Gaziantep'te, ''Antep Karası'' cinsi sofralık üzüm ihracatının önemli bir gelir kaynağı olduğu, ihracatta yaşanan olumlu gelişmelerin sürmesi için üretimi yaygınlaştırmak gerektiği bildirildi.
TMMOB Ziraat Mühendisleri Odası Gaziantep Şube Başkanı Kenan Seçkin, ihracat potansiyeli çok yüksek olan yerli çeşit, ''Antep Karası'' cinsi sofralık üzüm çeşidinin üretiminin arttırılmasının zorunlu olduğunu söyledi.
Lezzetli oluşunun yanı sıra erken hasat edilmesi nedeniyle başta Rusya ve Ukrayna olmak üzere, Avrupa Birliği (AB) ve Ortadoğu ülkeleri tarafından ithal edilen sofralık üzümün, Gaziantep'in İslahiye ve Nurdağı ilçesinde yaygın olarak üretildiğini ifade eden Seçkin, şöyle konuştu: ''Antep Karası üzüm üretimi, bölge ekonomisi açısından çok önemli. Üretimi yapılan üzümün yüzde 60'ı ihraç edilerek çiftçilere önemli bir gelir getiriyor. Bölgenin, iklim yapısının bağcılığa çok uygun olmasının yanı sıra, ulaşım açısından da çok avantajlı bir konumda bulunması, bölge tarımı için büyük bir avantaj. İhracatçı firmalar, bölgeden aldıkları üzümü, Mersin üzerinden deniz yolu ile ya da Karadeniz'den deniz yolu ile başta Rusya ve Ukrayna olmak üzere değişik ülkelere kolaylıkla ihraç edebiliyor.
Ancak, son yıllarda, Antep Karası üzüm türünün, Mersin'in Tarsus İlçesi ile Manisa bölgesinde de üretiminin arttığına tanık oluyoruz. Nitekim, son yıllarda, Antep Karası cinsi üzüm çeşidi bağ fidanlarının daha çok Tarsus ve Manisa bölgesine gönderildiğini ve bu bölgelerde üretimin arttığını görüyoruz. Bu gelişme, bölge çiftçisi için olumsuz bir durum yaratabilir.
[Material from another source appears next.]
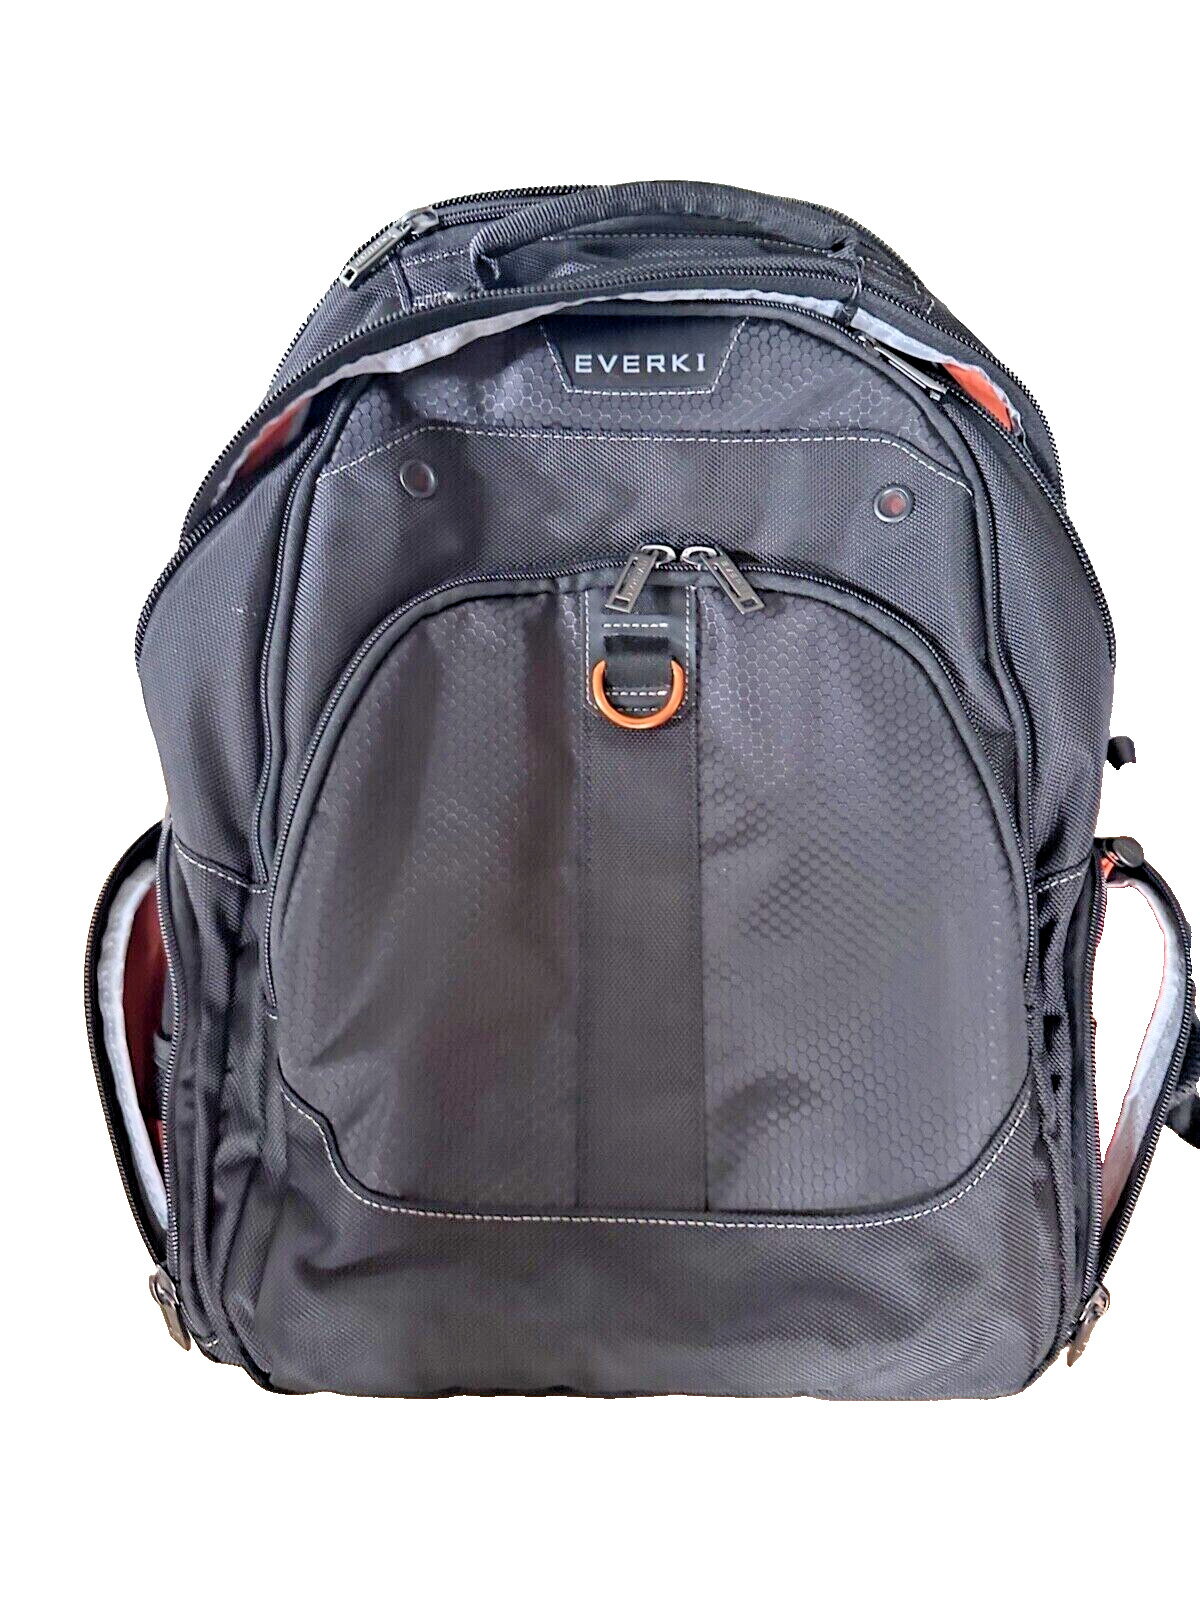 Everki Atlas 2 latops travel business backpack

Eğer, ihracatçı firmalar, istedikleri üzümleri bu bölgede bulabilirse, ihracat bu bölgelere kayabilir.''
Seçkin, ''Antep Karası'' cinsi üzüm üretimini yaygınlaştırmak ve pazarı kaybetmemek için gerekli çalışmaların şimdiden yapılması gerektiğini, aksi takdirde 2-3 yıl içinde bölgeden yapılan üzüm ihracatının durma noktasına gelebileceğine dikkat çekti.
Üzüm üretiminin, bölge çiftçisi için çok önemli olduğuna işaret eden Seçkin, bağcılığın geliştirilmesi için daha etkin çalışmalar yapılması gerektiğine vurgu yaptı. Bölgede daha çok ilkel yöntemlerle yapılan bağcılığın, son yıllarda modern üretim teknikleri kullanılarak gelişmeye başladığını dile getiren Seçkin, şunları anlattı: ''Tarımsal üretimde çok önemli bir yere sahip olan Antep fıstığı ve zeytinden sonra, üzüm de çiftçiler için hayati öneme sahip bir ürün. Ancak, bölgede uzun yıllar eski usullerle üretim yapılması, özellikle tarım zararlılarına karşı etkin mücadele yapılamaması, ürünün para etmemesi gibi nedenlerle hızla azalan bağ alanları nedeniyle bağcılık istenilen gelişmeyi göstermedi. Çiftçimiz de emeğinin karşılığını alamadığını düşündüğü bu ürünün yerine başka alanlarda üretim yapmaya yöneldi.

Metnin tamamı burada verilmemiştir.